Важное диагностическое значение может иметь скорость когнитивного снижения. Уже упоминались результаты метаанализа G.Frisoni и соавт. (2007 г.), приростом выраженности лейкоэнцефалопатии (лейкоареза) можно объяснить снижение оценки по Краткой шкале психического статуса (Mini-Mental State Examination – MMSE) в среднем на 0,28 балла в год (для сравнения: при естественном старении оценка по MMSE в год снижается менее чем на 1/1000 балла, т.е. остается практически стабильной, а при БА снижается примерно на 3 балла) [17]. Неудивительно, что по результатам проспективных исследований смешанная деменция по скорости когнитивного снижения занимает промежуточное положение между БА, характеризующейся более высокой скоростью когнитивного снижения (2–4 балла по MMSE в год), и чисто СД (0,5–1,0 балла в год) [17]. 

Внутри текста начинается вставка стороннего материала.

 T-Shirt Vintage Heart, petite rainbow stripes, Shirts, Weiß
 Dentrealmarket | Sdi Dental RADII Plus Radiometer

С другой стороны, не всегда явный и цереброваскулярный процесс, который, особенно при церебральной микроангиопатии, может протекать скрытно, без эпизодов инсульта, но тем не менее ускорять дебют или видоизменять течение параллельно развивающейся БА. В последнем случае нейропсихологический профиль, в целом характерный для БА, может приобретать подкорково-лобный компонент в виде нарушения внимания и регуляторных функций, замедления психической деятельности и/или сопровождаться более ранним развитием нарушений ходьбы, постуральной неустойчивости, дизартрии, нейрогенных нарушений мочеиспускания [32, 33]. Хотя методы нейровизуализации играют ключевую роль в выявлении сосудистого компонента смешанной деменции, некоторые микроваскулярные поражения (например, корковые микроинфаркты) остаются невидимыми для современных методов структурной нейровизуализации и могут выявляться лишь при патоморфологическом исследовании [28, 42]. Это размывает клинико-нейровизуализационные корреляции и затрудняет выявление смешанного характера деменции. Затрудняет нозологическую диагностику деменции и существование атипичных форм БА, прежде всего ее «лобной формы», характеризующейся ранним развитием регуляторных когнитивных нарушений [41].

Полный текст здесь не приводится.